### AVAILABLE DATA

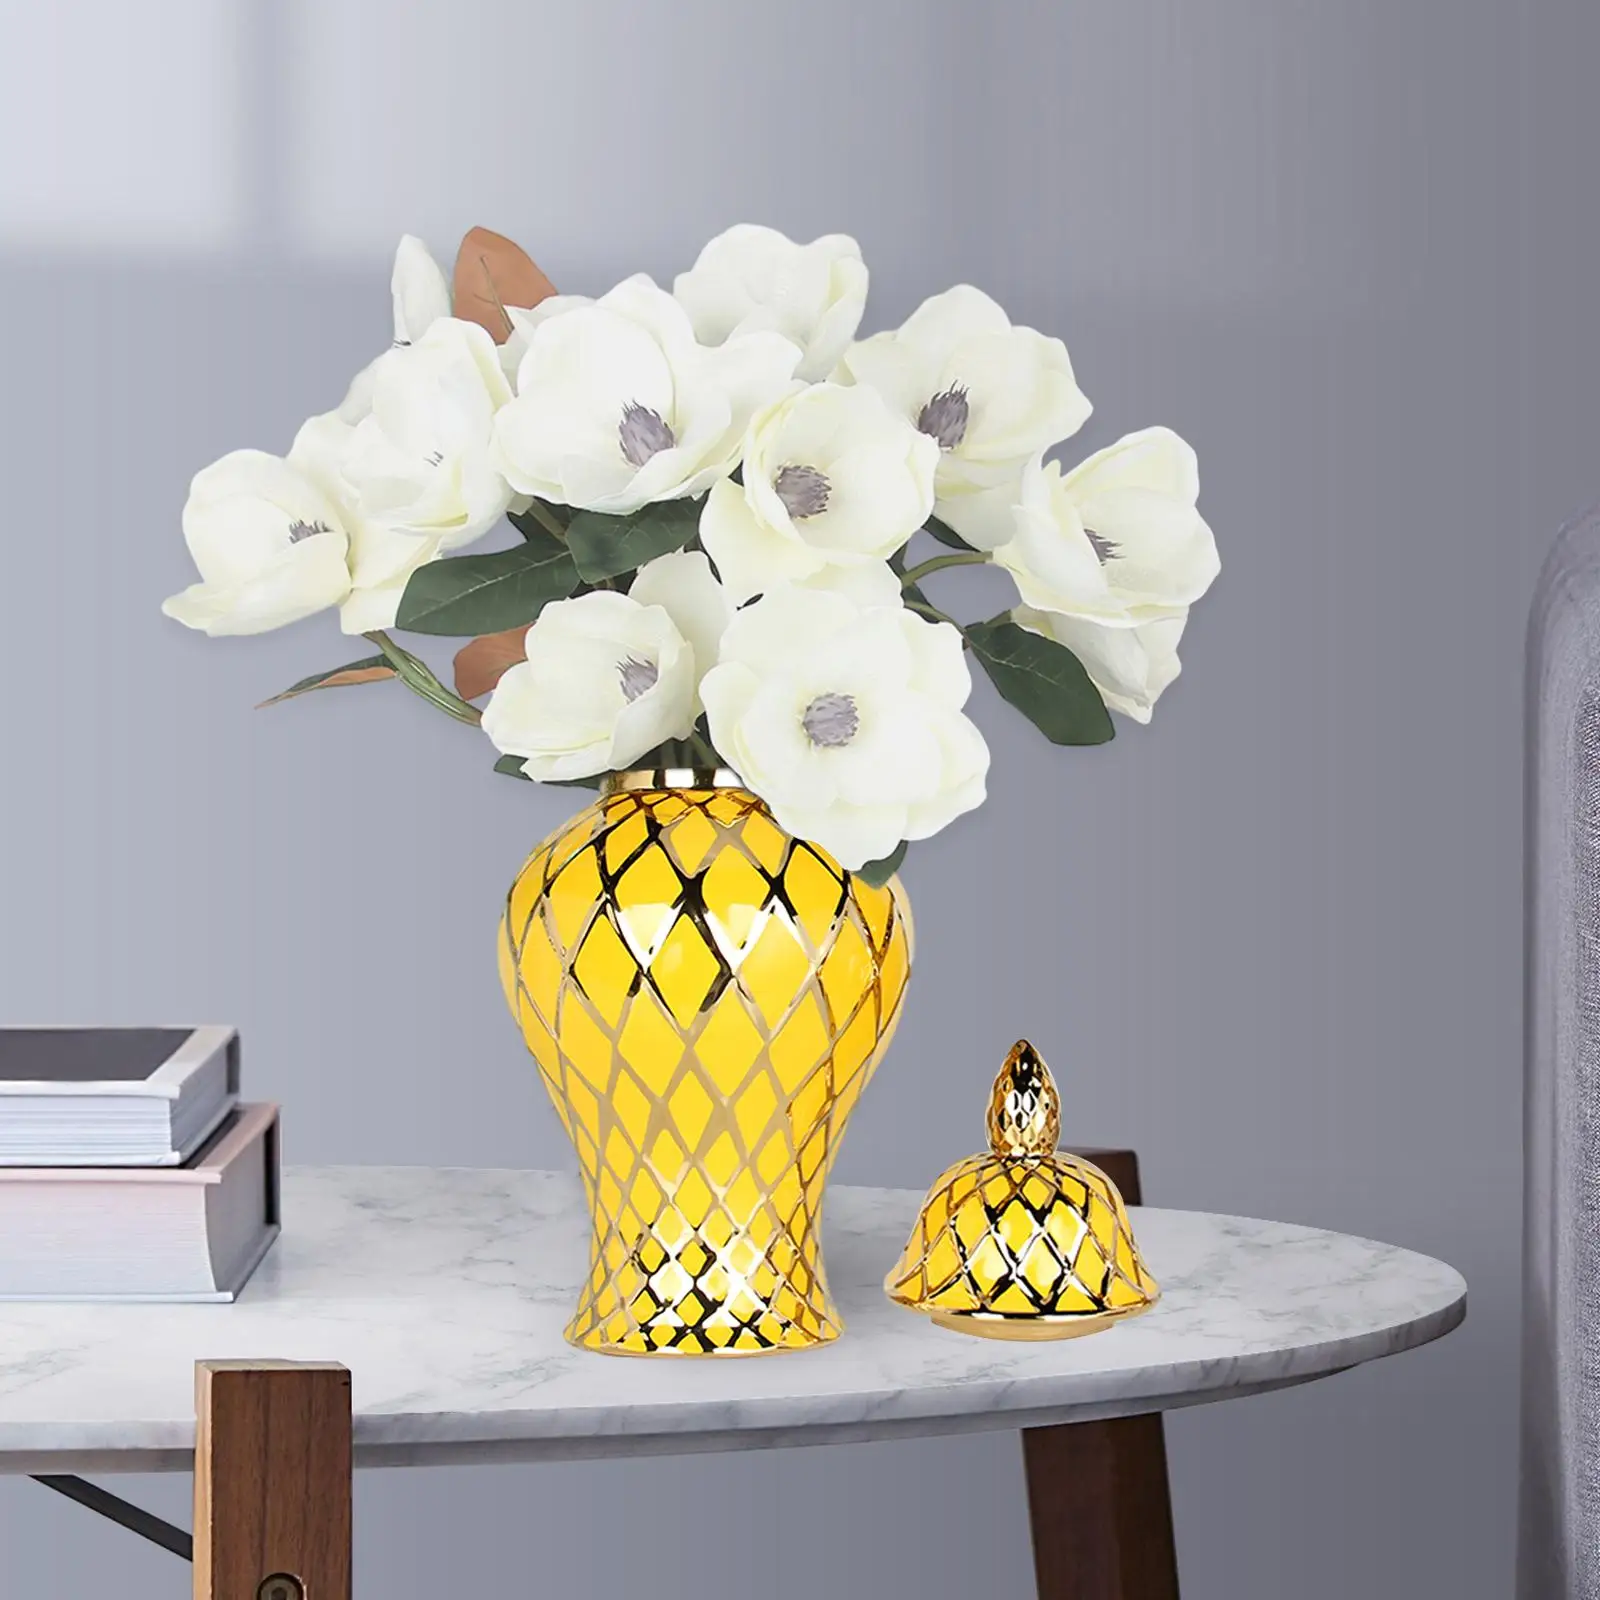 Ceramic Vase Table Centerpieces Decorative Accessories Porcelain Ginger Jar for Storage Tank Party Livingroom Office Bedroom
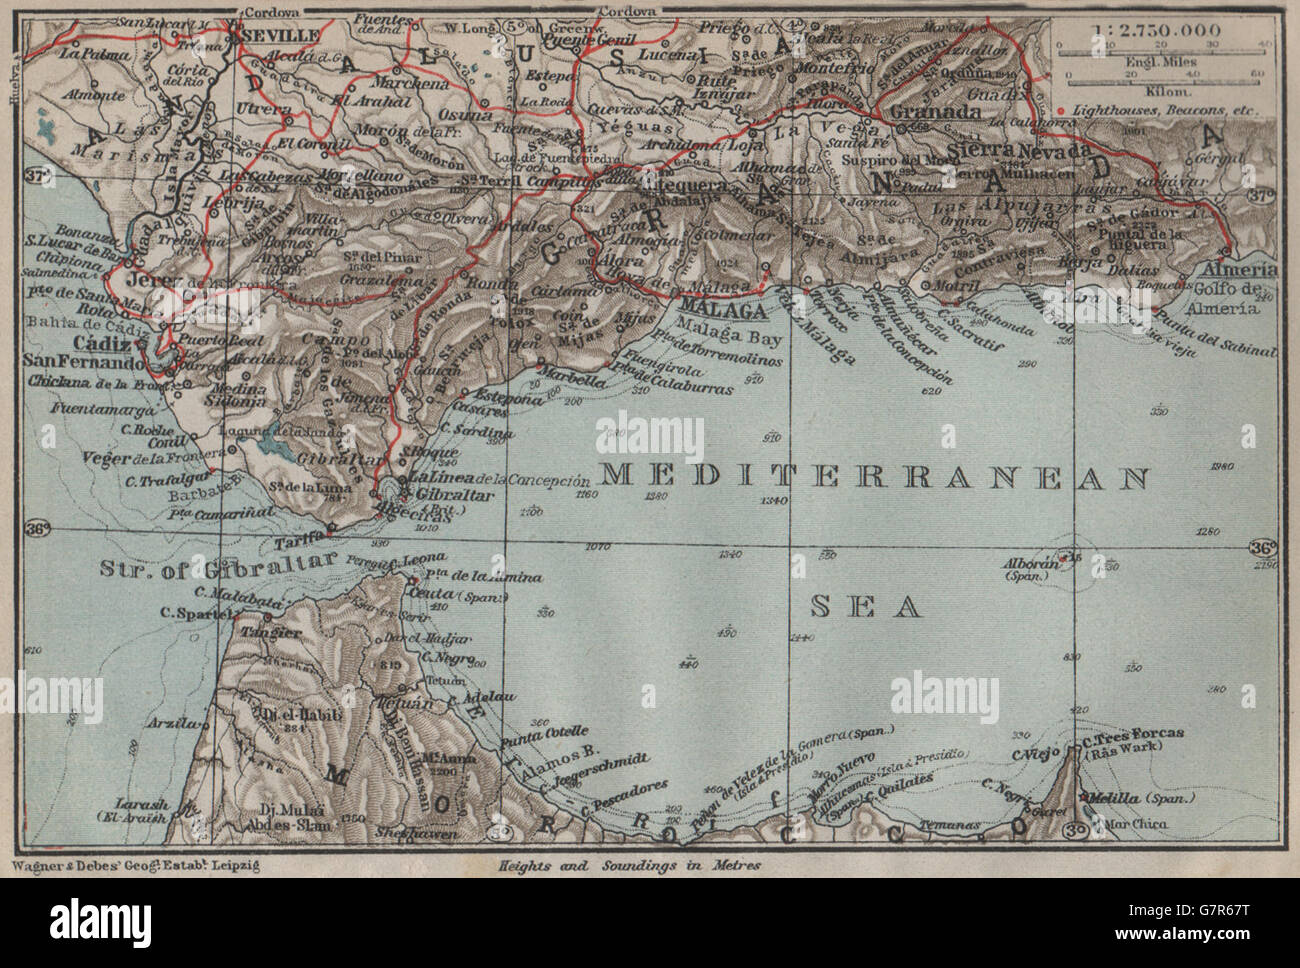 STRAIT OF GIBRALTAR. Andalusia Ceuta Cadiz Pillars of Hercules Spain, 1911 map Stock Photo
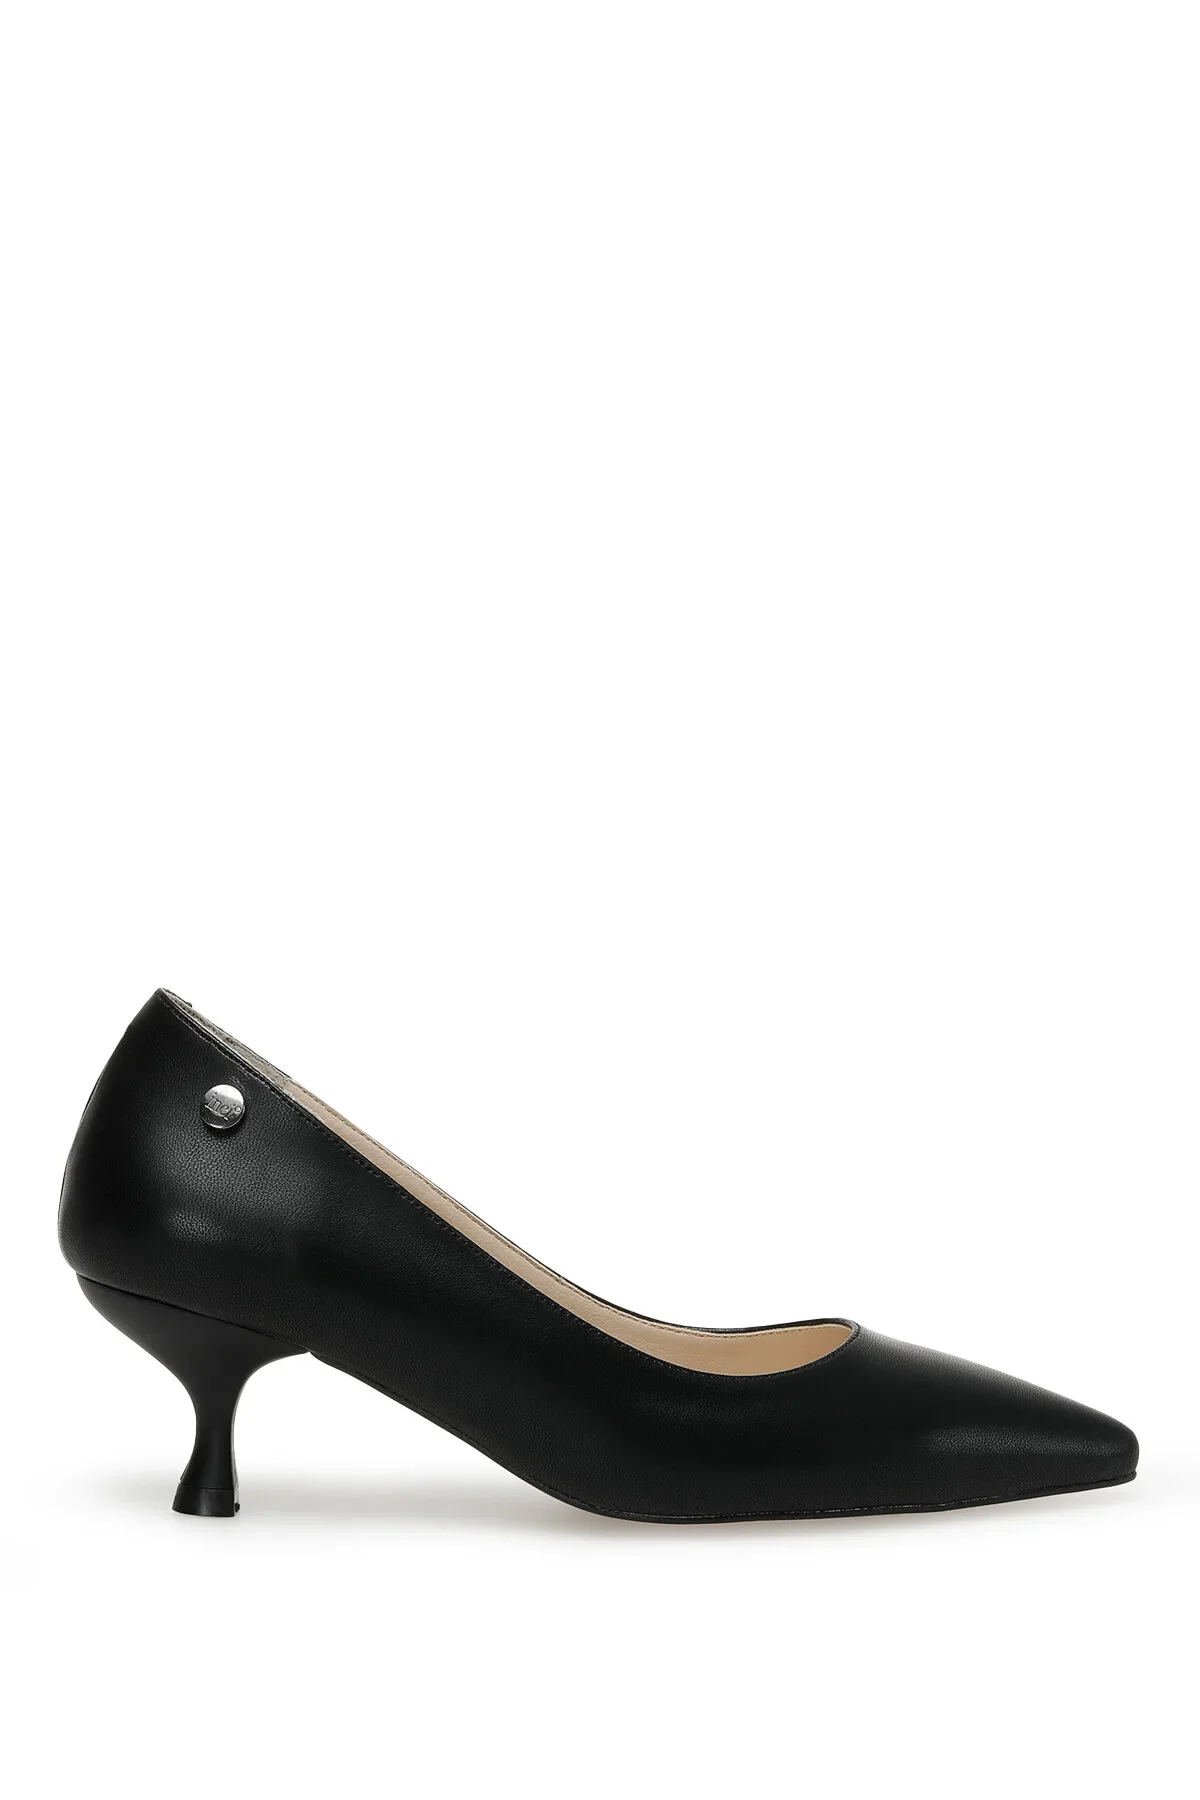 TRUDY 3FX Kadın Topuklu Ayakkabı-Siyah - 1

######

__DESCRIPTION OF THE TASK__. Quote all the lines above exactly as given. Do not include the pictures.

__ANSWER FOR THIS EXERCISE__.
 Ceramic Vase Table Centerpieces Decorative Accessories Porcelain Ginger Jar for Storage Tank Party Livingroom Office Bedroom
 STRAIT OF GIBRALTAR. Andalusia Ceuta Cadiz Pillars of Hercules Spain, 1911 map Stock Photo
 TRUDY 3FX Kadın Topuklu Ayakkabı-Siyah - 1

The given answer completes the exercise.